Bundeskanzlerin Angela Merkel (CDU) reagierte ausweichend auf diese Äußerungen von Bundesinnenminister Horst Seehofer. "Ich sage das anders. Ich sage, die Migrationsfrage stellt uns vor Herausforderungen", sagte Merkel am Donnerstag dem Fernsehsender RTL. Dabei gebe es "auch Probleme, dabei gibt es auch Erfolge".
Die Integrationsbeauftragte der Bundesregierung, Annette Widmann-Mauz, sagte der "Stuttgarter Zeitung" und den "Stuttgarter Nachrichten" (Freitag): "Ohne Migration wäre unser Land nicht so erfolgreich, wie es heute ist." Deutschland brauche auch künftig Zuwanderung. Die Herausforderungen der Migration müssten entschlossen angepackt werden.
SPD-Partei- und Fraktionschefin Andrea Nahles sagte: "Wenn Horst Seehofer von der Mutter aller Probleme spricht, meint er in Wahrheit Frau Merkel." Die CSU heize den unionsinternen Streit des Sommers wieder an. Für die SPD sei klar: "Die Mutter aller Lösungen ist der soziale Zusammenhalt aller Menschen in unserem Land", sagte Nahles.

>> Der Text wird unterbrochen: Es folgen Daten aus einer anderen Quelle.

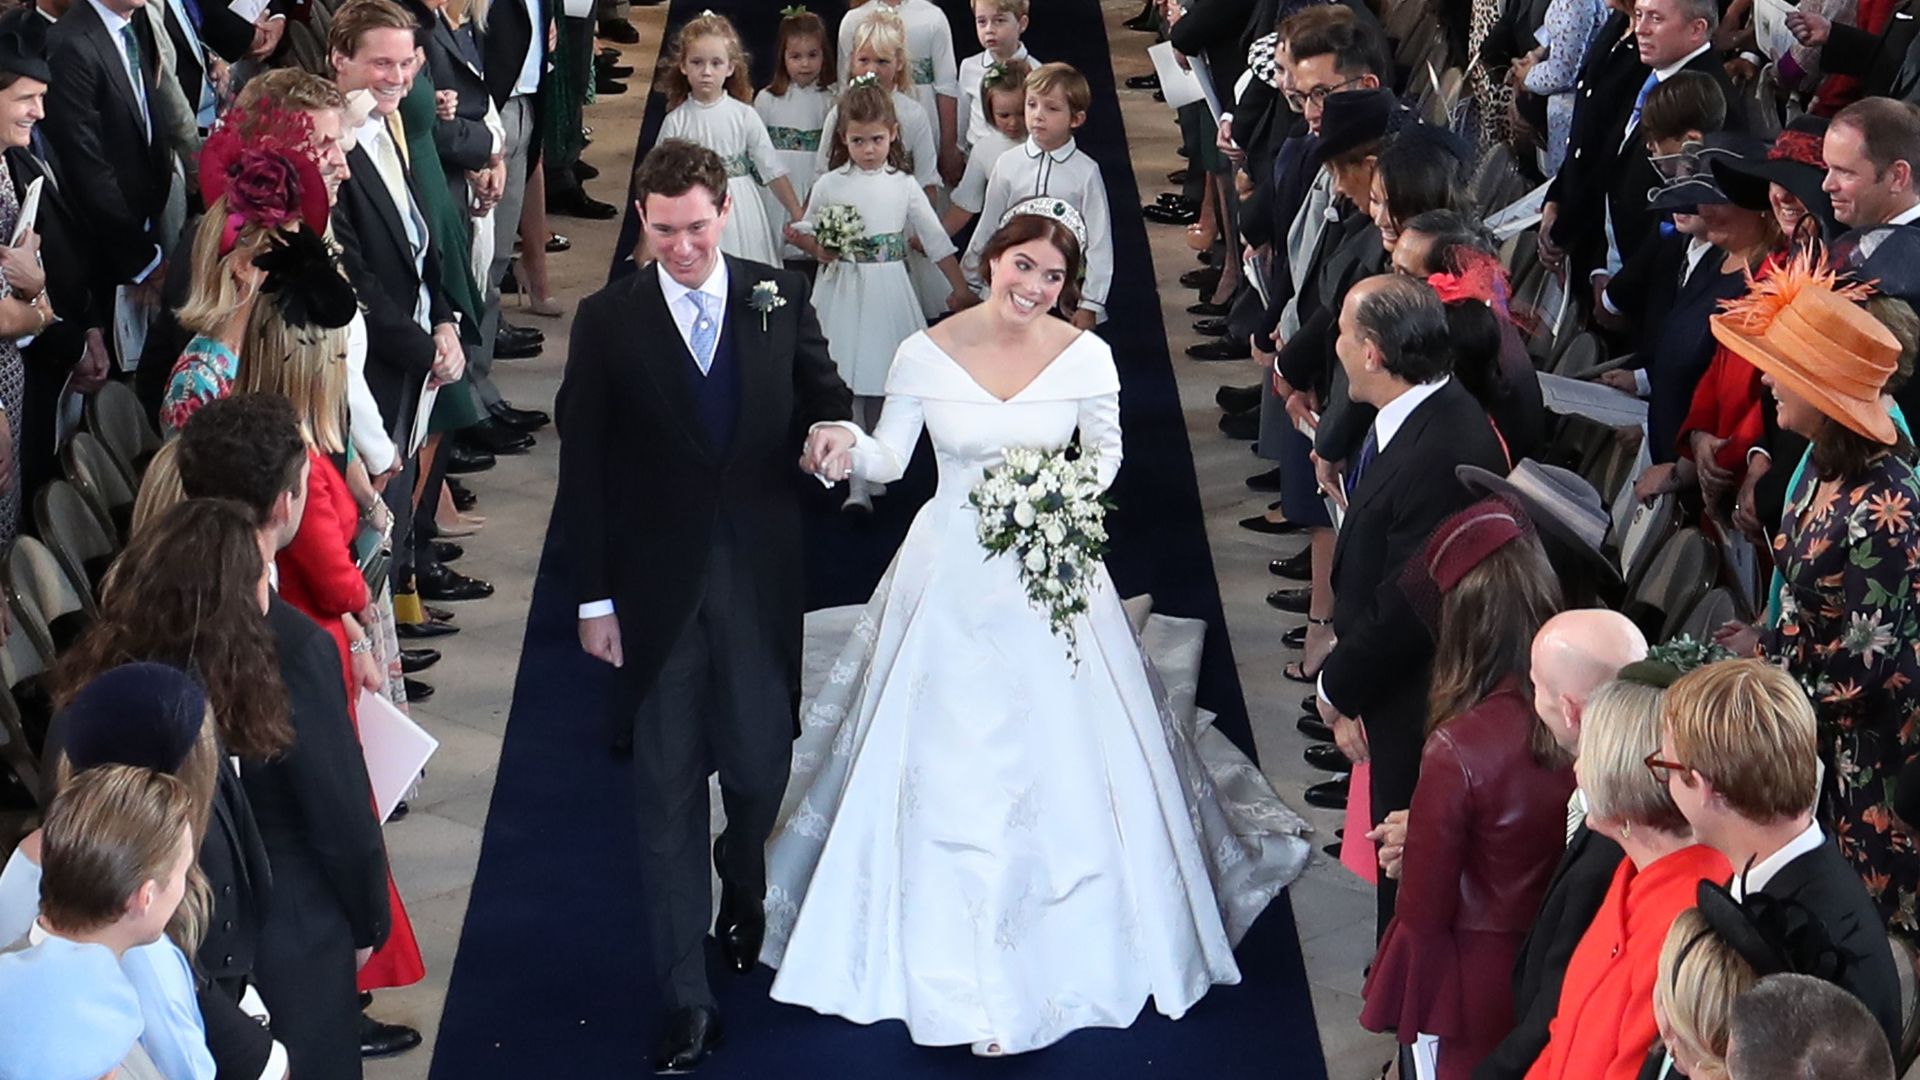 Princess Eugenie of York and Jack Brooksbank walk down the aisle following their marriage at St George's Chapel in Windsor Castle

Der Vorsitzende der Türkischen Gemeinde in Deutschland, Gökay Sofuoglu, fragte, ob Seehofer mit seinen Äußerungen tatsächlich meine, dass fast 20 Millionen Menschen mit Migrationshintergrund im Land das Problem seien. "Das Problem ist aber nicht Migration, sondern das Problem heißt Rassismus", sagte Sofuoglu. Der Innenminister rede "völkisch-nationalen Kräften nach dem Mund".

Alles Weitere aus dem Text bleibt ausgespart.